Short Communication Article | Open Access
Department of Pediatrics, Jawaharlal Nehru Medical College, Datta Meghe Institute of Medical Sciences, Sawangi Meghe, Wardha, Maharashtra
*Corresponding author: Dr. Amar M. Taksande, Department of Pediatrics, Jawaharlal Nehru Medical College, Datta Meghe Institute of Medical Sciences, Sawangi Meghe, India
Received date: 13 May, 2021 | Accepted date: 7 June, 2021 | Published date: 10 June, 2021
Citation: Taksande A, Rao R (2021) Kawasaki Disease in Children. J Pediatr Prim Care 1(1): doi http://dx.doi.org/JPPC2100101
Copyright: © 2021 Taksande A, et al. This is an open-access article distributed under the terms of the Creative Commons Attribution License, which permits unrestricted use, distribution, and reproduction in any medium, provided the original author and source are credited.
Kawasaki Disease (KD), previously defined as mucocutaneous lymph node syndrome, is a febrile illness caused by inflammation of the body's medium-sized blood vessels. Tomisaku Kawasaki first described it in 1967 as a self-limited acute vasculitic syndrome of unknown etiology. Intravenous immunoglobulin (IV) and high-dose oral aspirin should be begun within 10 days of disease onset along with aspirin.
Keywords: Kawasaki disease; Fever; Coronary artery; Immunoglobulin
Abbreviations: KD: Kawasaki Disease, ESR: Erythrocyte Sedimentation Rate, CRP: C-reactive protein, MIS-C: Multisystem Inflammatory Syndrome in Children, NT-proBNP: Nterminal-prohormone brain natriuretic peptide
Kawasaki Disease (KD), previously defined as mucocutaneous lymph node syndrome, is a febrile illness caused by inflammation of the body's medium-sized blood vessels. Tomisaku Kawasaki first described it in 1967 as a self-limited acute vasculitic syndrome of unknown etiology. KD has also passed rheumatic fever as the leading cause of acquired heart disease in young children in many countries. More than 80% of cases include young children under the age of five. It affects boys more than girls (M: F 1.5:1). While the exact cause of KD remains unclear, many hypotheses exist, including an infectious disorder triggered by bacteria or bacterial superantigens (streptococcus pyogenes) or a virus infectious etiology, hereditary makeup, and an immunological abnormality. There is no clear lab procedure that can be used to definitively diagnose KD. KD is diagnosed depending on the appearance of specific clinical symptoms. Classic KD needs the presence of fever for at least 5 days and at least four of five of the other signature clinical characteristics of illness. In atypical KD, the patient has a persistent fever but only one or two other symptoms of the disease [1-2].

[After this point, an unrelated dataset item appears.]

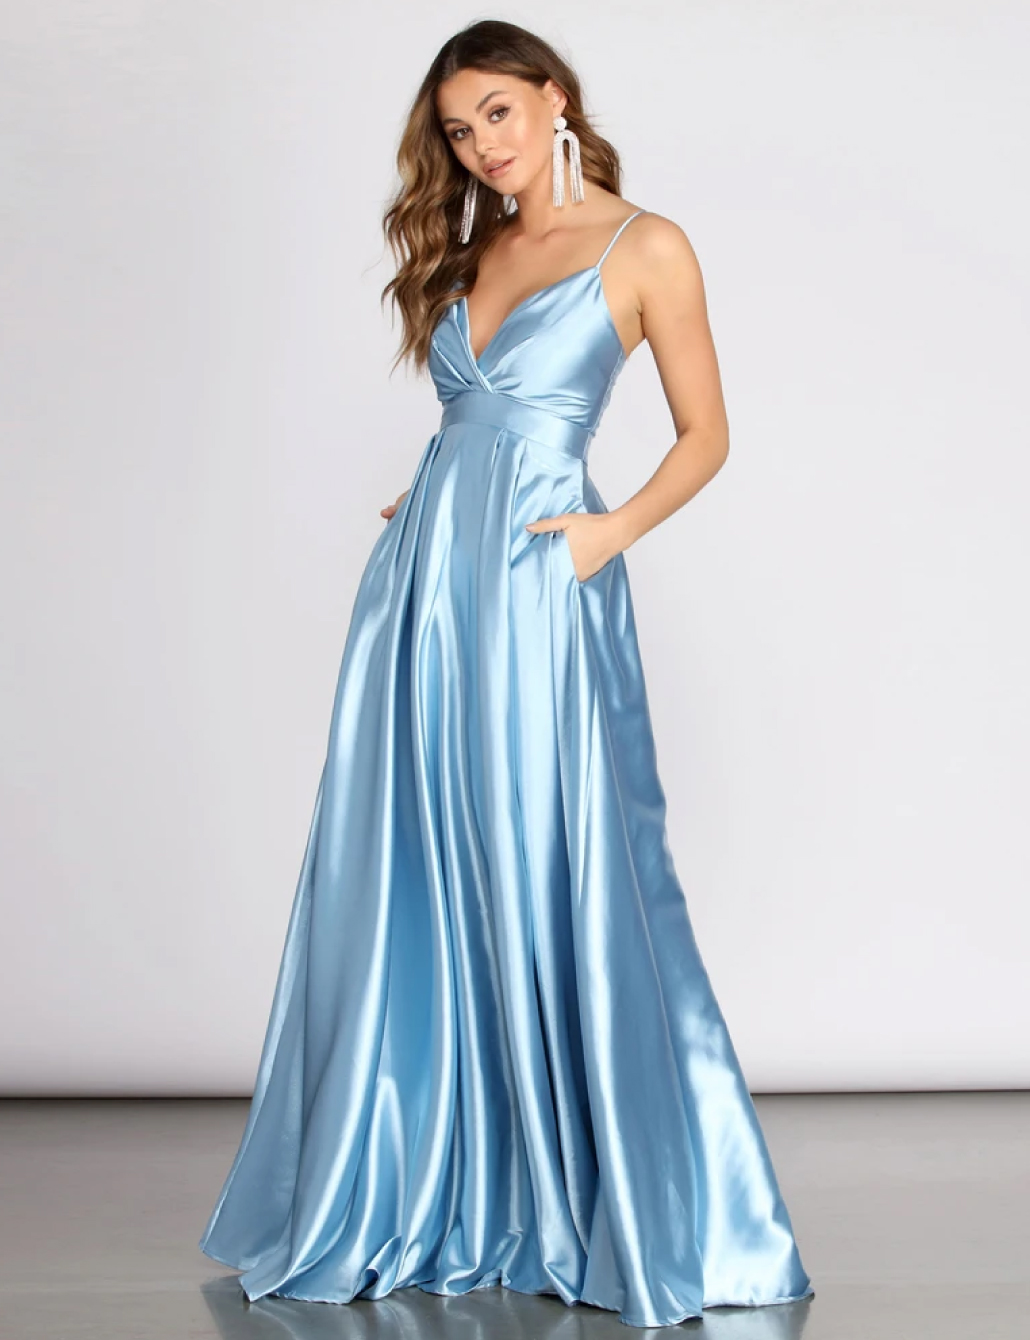 Sapphire Blue Evening Gown, Blue Winter Formal Dress, Wedding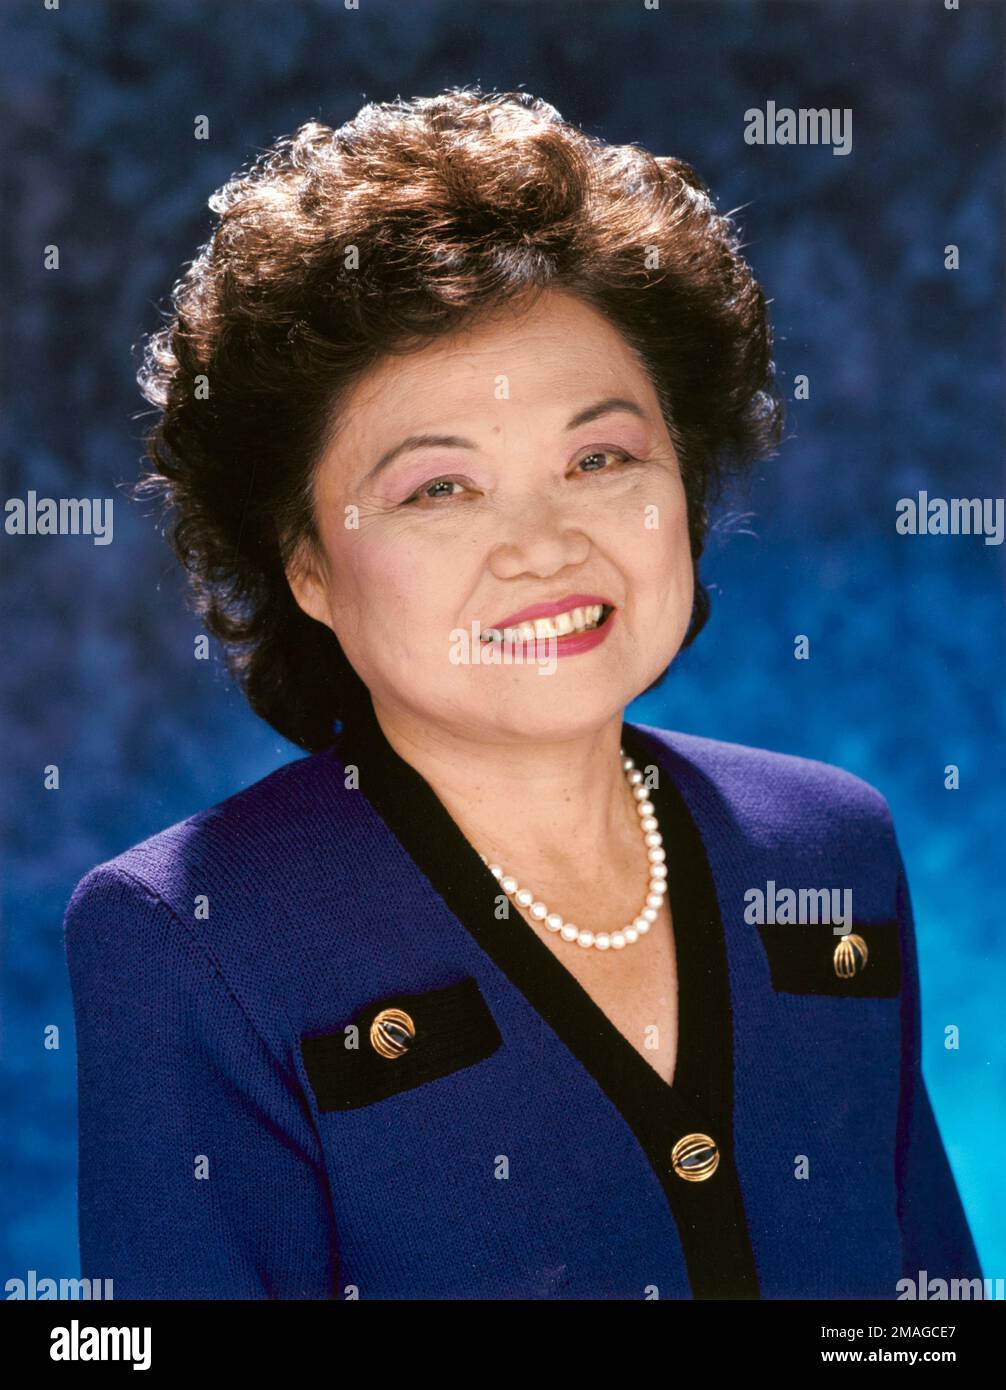 Patsy Mink. Portrait des hawaiianischen Anwalts und Politikers Patsy Matsu Mink (geborene Takemoto; 1927-2002), c. 1994. Mink war die erste farbige Frau, die zum Kongress gewählt wurde. Stockfoto

The above-mentioned clinical characteristics appear sequentially over a few days and do not all have to be present at the same time. Other clinical manifestations of the condition may include aseptic meningitis, urethritis, orchitis, arthritis/arthralgia, stomach pain, vomiting, diarrhea, sterile pyuria, hepatitis, and gallbladder distention. Myocarditis, pericarditis, pericardial effusion, or reduced ventricular activities are also examples of cardiac involvement. Around 25% of untreated patients have coronary artery aneurysms in the second to third week of illness [2-3].
Measles, Adenovirus pneumonia, scarlet fever, Toxic shock syndrome, Drug hypersensitivities including Stevens-Johnson syndrome, Leptospirosis, Juvenile rheumatoid arthritis, and MIS-C (Multisystem Inflammatory Syndrome in Children).
The complication of KD is aneurysms of the coronary arteries and rupture. These aneurysms will lead to heart attacks later in life. Dehydration and reduced movement due to joint inflammation are two other risks.
Intravenous immunoglobulin (IV) and high-dose oral aspirin should be begun within 10 days of disease onset.
Acute stage: 2 g/kg IV immunoglobulin given over 10-12 hours, with aspirin 80-100 mg/kg given orally every 6 hours before the 14th illness day.
Convalescent stage: For 6-8 weeks after the start of the infection, take 3-5 mg/kg aspirin orally once daily. Long-term therapy for coronary heart disease involves aspirin 3-5 mg/kg once daily and clopidogrel 1 mg/kg once (max 75 mg/day).
Patients with large or multiple aneurysms can require clopidogrel, warfarin, or low molecular weight heparin treatment [4-5].
Multisystem Inflammatory Syndrome in Children is a significant differential diagnosis of KDs . The WHO category of the MIS-C applies to children and adolescents aged 0 to 19 years who follow all of the clinical criteria mentioned below:
Some children follow complete or partial conditions for Kawasaki syndrome, but they are diagnosed with MIS-C if they otherwise match the case description
The treatment of the MIS-C is the used of IV immunoglobulin in a single dose of 1-2 gm /kg IV in combination with aspirin with steroid therapy.